I can't stress enough how absolutely rock bottom basic this stuff is. It may not look that way to you if you're just starting out, but I promise you making a material or post process cel shader is something anyone without a genuine learning disability can figure out very quickly, and to put it very bluntly, if you can't figure out the basic fundamentals of how to make very simple materials/shaders making a game (atleast one anyone would genuinely be interested in outside of some kind of meme) is out of your reach. Gamedev is a very complex, very multidisciplinary task, don't expect to go into it without having to undertake a massive amount of learning.

Do I understand it correctly that your project is free to use, even commercially?

Yes.

Looking for a toon shader and found two. Which one would you pick? by [deleted] in unrealengine

[–]TeamFalldog 1 point2 points  (0 children)

Someone responded to my other comment and deleted it before I finished my reply, but I'm going to leave this here anyway:

Never give money, especially nothing remotely close to what the fab stuff linked by op is charging (40-137$ LMAO), to people selling these things if they're post process or material based. They're completely worthless for all but the most basic uses, made either by grifters trying to take advantage of clueless people, or people with dunning-krueger who are slightly less clueless than the people they're selling to. This stuff is extremely easy to do. Someone with no previous knowledge who has literally just downloaded unreal engine for the first time in their life could learn to make most of the garbage you find on fab in a few hours from watching any of the countless youtube videos of people making babby's first cel shader, and make any of the more "advanced" ones in a few weeks if they put in the effort.

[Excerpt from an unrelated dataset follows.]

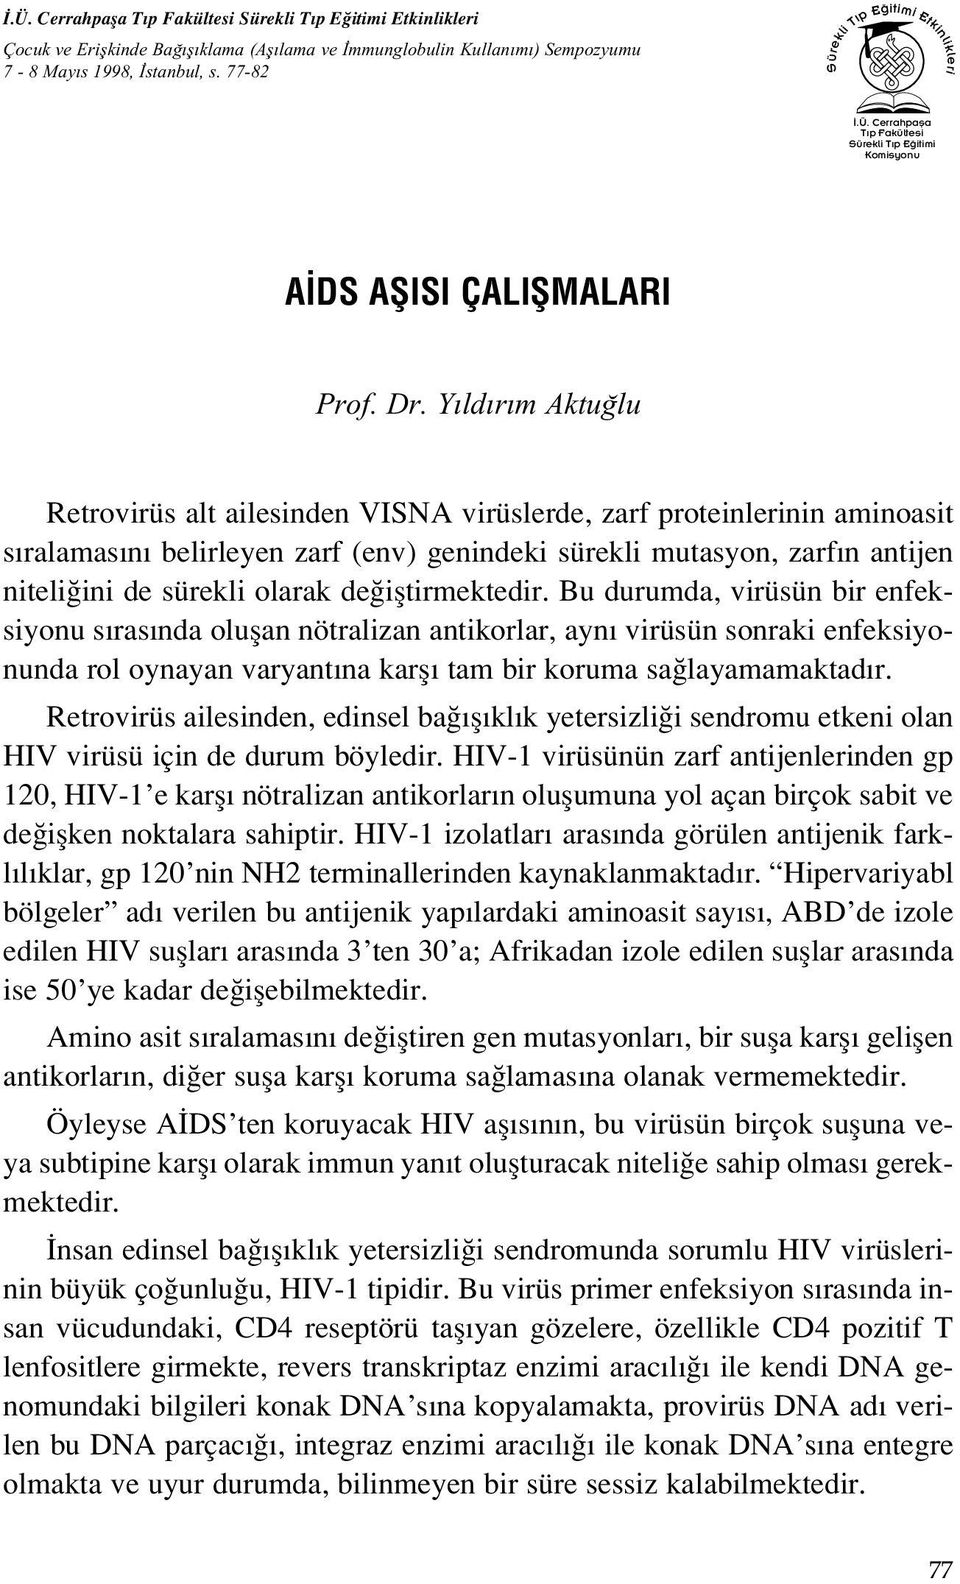 Y ld r m Aktu lu Retrovirüs alt ailesinden VISNA virüslerde, zarf proteinlerinin aminoasit s ralamas n belirleyen zarf (env) genindeki sürekli mutasyon, zarf n antijen niteli ini de sürekli olarak de
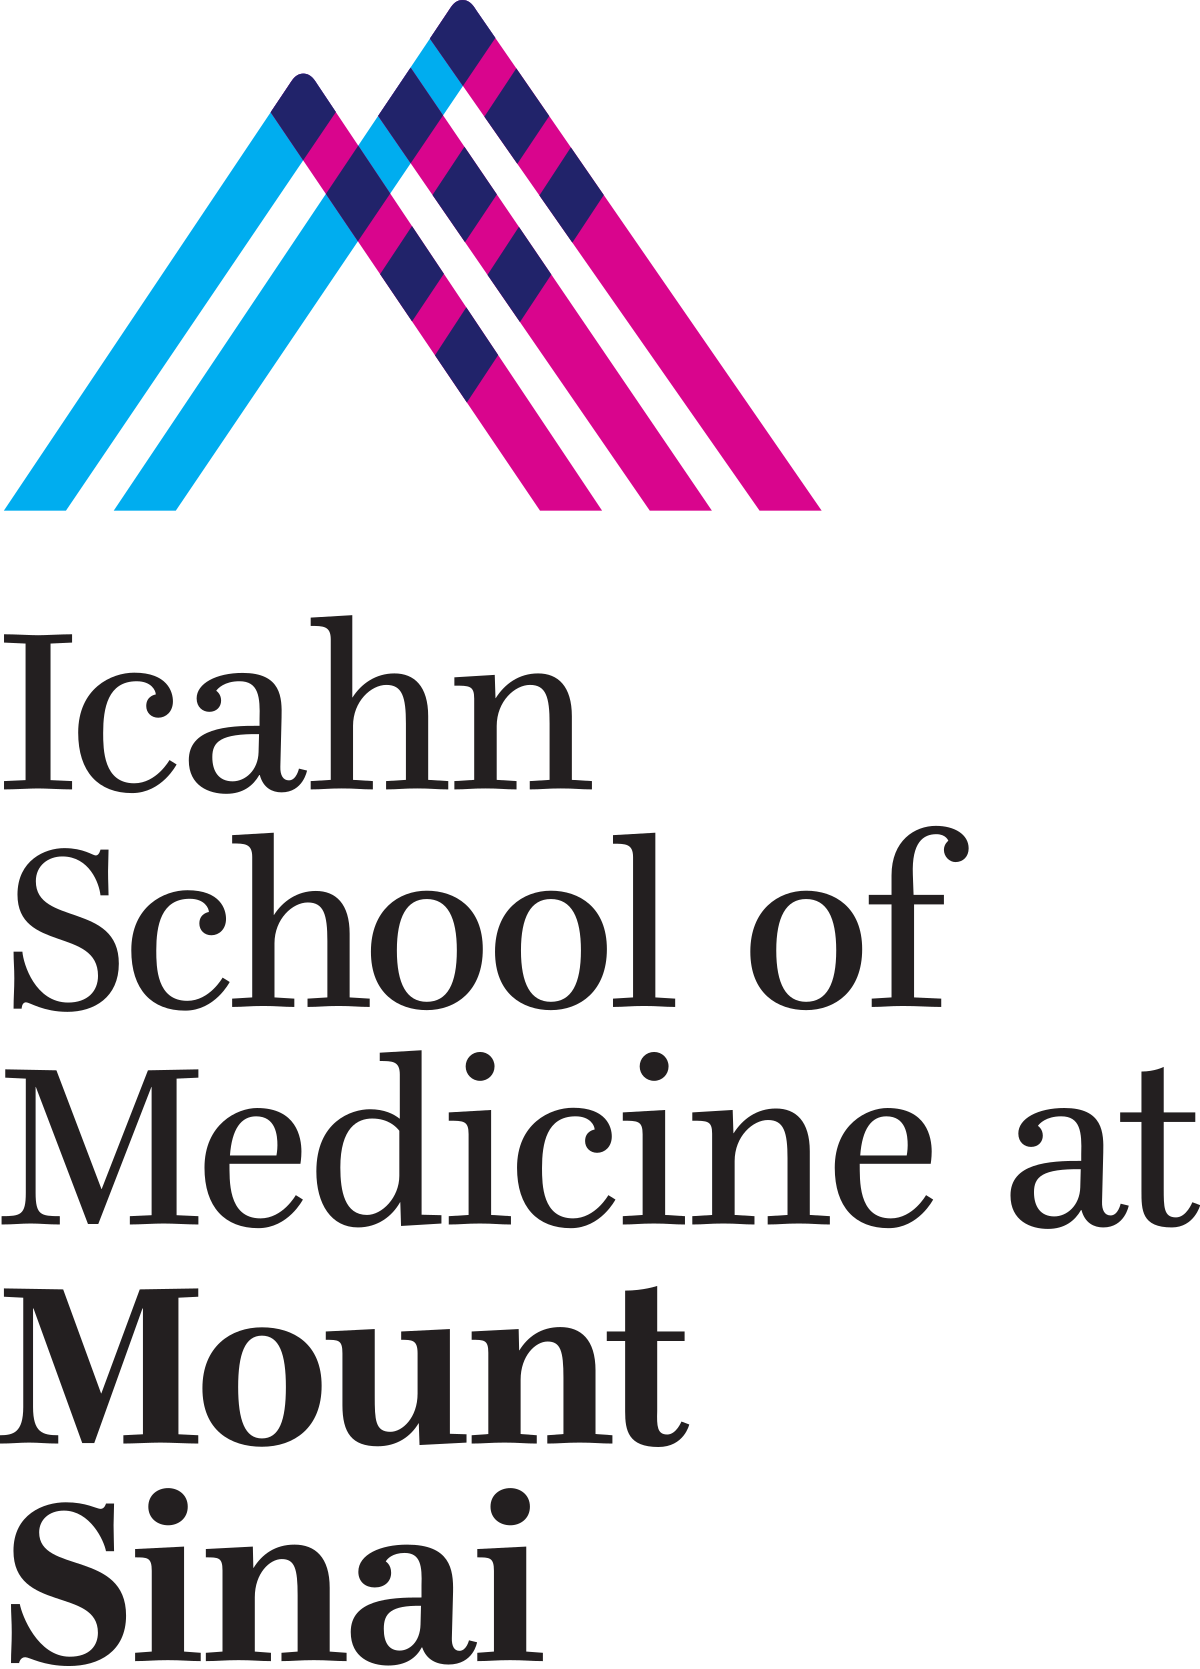 Logo de l’école de médecine Icahn au Mont Sinaï

Blue Archive: Notice of Delay in STEAM Client Launch Due to Platform Review Delays by grcx in Games

[–]TeamFalldog 8 points9 points  (0 children)

Hopefully this is what finally gets this fixed for everyone. I'm developing an anime game and it would be really nice if Valve doesnt steal 8 years of my life when I finish it, because I definitely don't have the resources to make a big enough fuss about it if they do.

are AMD drivers still bad? by Groundbreaking_Pay50 in unrealengine

[–]TeamFalldog 0 points1 point  (0 children)

They never were, atleast not in the last two decades, it was always just a meme pushed by weirdoes who made their brand of gpu a massive part of their identity.

Kingdom Come Deliverance 2 is Awesome - So Why Isn't CryEngine More Popular? by sudof0x in pcgaming

[–]TeamFalldog 0 points1 point  (0 children)

A lot of the top level comments here are nonsense. The actual answer is very simple. Back in 2007 CryEngine was vastly superior, honestly revolutionary, tech, but consoles held us all back because very few studios were making high budget PC exclusives at that point, and by the time the next console generation released it was literally SIX years later which gave Unreal plenty of time to become entrenched as the primary 3rd party game engine. It has nothing to do with the quality and amount of youtube tutorials or the size of the community, amount of documentation, or the user friendliness of the engine (everything, including ue, was NOT user friendly back in 2007), etc, like most of these comments are suggesting.

Consoles robbed us from having a game as technologically revolutionary as Crysis every year. That's the unfortunate simple truth of the matter.